Thanks to the awesomeness of @mattifestation and PowerSploit, you can use Out-Minidump to create a memory dump of a process. I created a lightweight script with logic to continuously dump a process's memory and scrape it for track data. Using Internet Explorer as an example, the script performs the following:
You can download the script from Github (here):
git clone https://www.github.com/shellntel/scripts
Here is a screenshot of the memory scraper in action harvesting track data:
I created few features that I find handy. One is the ability to encode and exfiltrate track data to a listener I have setup. It base64 encodes the track data and does a HTTP GET request with the data included. I never send this data across the Internet, only to an internal box of my control or over an encrypted tunnel. You can use any method to setup a listener but my favorite is:
python -m SimpleHTTPServer 80
The code supports harvesting plain card numbers if track data is not available, which I've used with success, but occasionally contains false positives. There is a Luhn check and some regexs to help reduce the false positives, but if that isn't enough, you can specify an IIN/BIN (http://www.binlist.net) to match on. Matching on IINs comes in handy when your client/target is in the financial industry. Coworker @curi0usJack helped me squash bugs and implemented a duplicate checking feature so we're not sending and logging the same data over and over.

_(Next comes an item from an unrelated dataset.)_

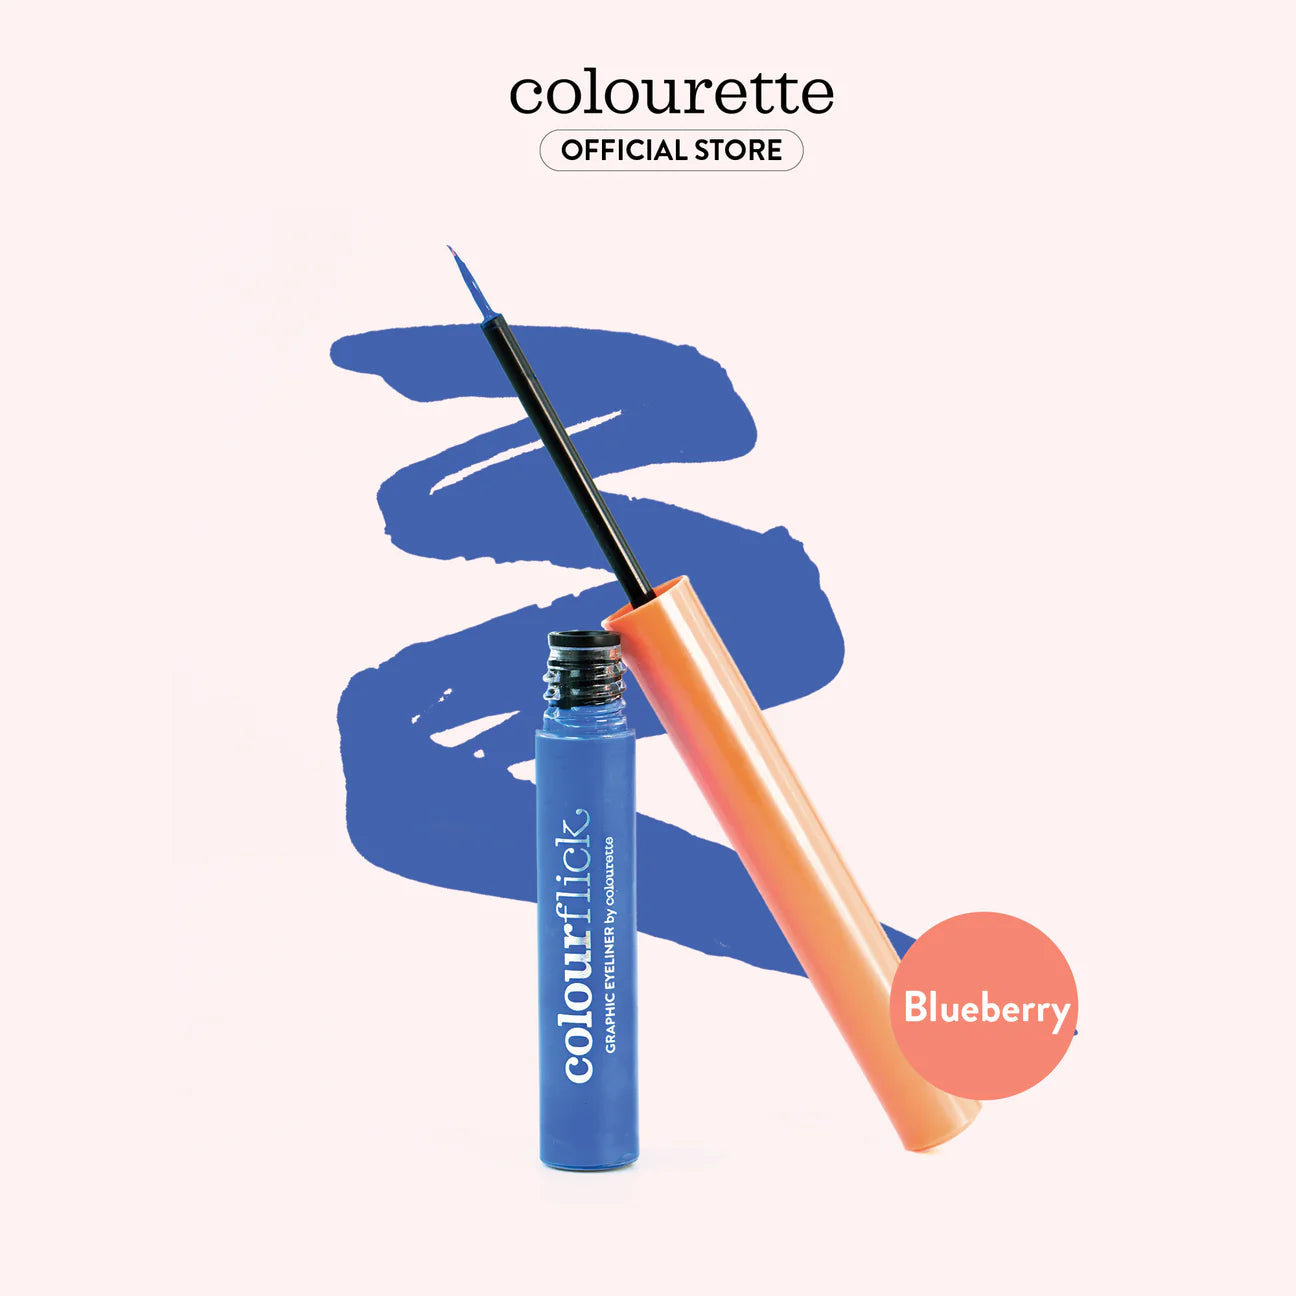 Colourflick Graphic Eyeliner

Many times my targeted users are utilizing a terminal server environment. This makes my life easy because I can run the memory scraper at a centralized location (the terminal servers), but since there are multiple users, you will want to limit the memory scraping to only processes used by your targeted users. If not, you could be dumping memory from hundreds of processes that might not contain credit card data. For this reason, I built a function that checks the process owner against the values of the -User parameter. My common workflow is to identify my targeted users through group name in active directory, then specify them using the -User parameter and just let the memory scraper bake for a few days.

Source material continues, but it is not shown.